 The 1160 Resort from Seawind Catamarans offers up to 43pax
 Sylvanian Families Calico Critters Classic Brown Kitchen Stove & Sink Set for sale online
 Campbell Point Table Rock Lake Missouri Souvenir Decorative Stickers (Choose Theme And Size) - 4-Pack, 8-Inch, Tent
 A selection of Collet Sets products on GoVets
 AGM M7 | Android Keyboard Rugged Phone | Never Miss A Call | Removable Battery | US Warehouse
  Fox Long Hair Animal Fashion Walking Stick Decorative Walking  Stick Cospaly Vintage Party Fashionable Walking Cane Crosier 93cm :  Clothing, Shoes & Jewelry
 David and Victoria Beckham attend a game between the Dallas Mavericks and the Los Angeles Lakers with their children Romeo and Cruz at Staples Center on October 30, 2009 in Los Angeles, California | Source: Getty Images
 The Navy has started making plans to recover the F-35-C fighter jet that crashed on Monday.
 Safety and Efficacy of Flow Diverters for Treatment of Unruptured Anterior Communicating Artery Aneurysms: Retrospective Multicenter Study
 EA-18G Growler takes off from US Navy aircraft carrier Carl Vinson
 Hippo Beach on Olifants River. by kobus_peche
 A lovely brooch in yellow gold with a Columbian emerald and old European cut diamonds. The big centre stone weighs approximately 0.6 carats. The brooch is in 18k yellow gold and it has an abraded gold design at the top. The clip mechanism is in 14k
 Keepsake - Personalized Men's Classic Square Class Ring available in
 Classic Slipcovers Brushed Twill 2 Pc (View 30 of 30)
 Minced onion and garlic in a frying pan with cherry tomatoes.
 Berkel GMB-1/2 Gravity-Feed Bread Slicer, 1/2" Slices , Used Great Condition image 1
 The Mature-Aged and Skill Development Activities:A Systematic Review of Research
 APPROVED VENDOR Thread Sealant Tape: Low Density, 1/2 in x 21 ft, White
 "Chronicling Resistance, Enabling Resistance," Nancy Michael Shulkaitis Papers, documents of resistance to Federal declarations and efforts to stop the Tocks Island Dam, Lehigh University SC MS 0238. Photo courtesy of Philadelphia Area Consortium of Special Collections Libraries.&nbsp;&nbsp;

*Assignment*. Produce exactly the lines from the one containing "Berkel GMB-1/2 Gravity-Feed" through the final line of the records above, both included, and no others.

*Completed exercise*.
 Berkel GMB-1/2 Gravity-Feed Bread Slicer, 1/2" Slices , Used Great Condition image 1
 The Mature-Aged and Skill Development Activities:A Systematic Review of Research
 APPROVED VENDOR Thread Sealant Tape: Low Density, 1/2 in x 21 ft, White
 "Chronicling Resistance, Enabling Resistance," Nancy Michael Shulkaitis Papers, documents of resistance to Federal declarations and efforts to stop the Tocks Island Dam, Lehigh University SC MS 0238. Photo courtesy of Philadelphia Area Consortium of Special Collections Libraries.&nbsp;&nbsp;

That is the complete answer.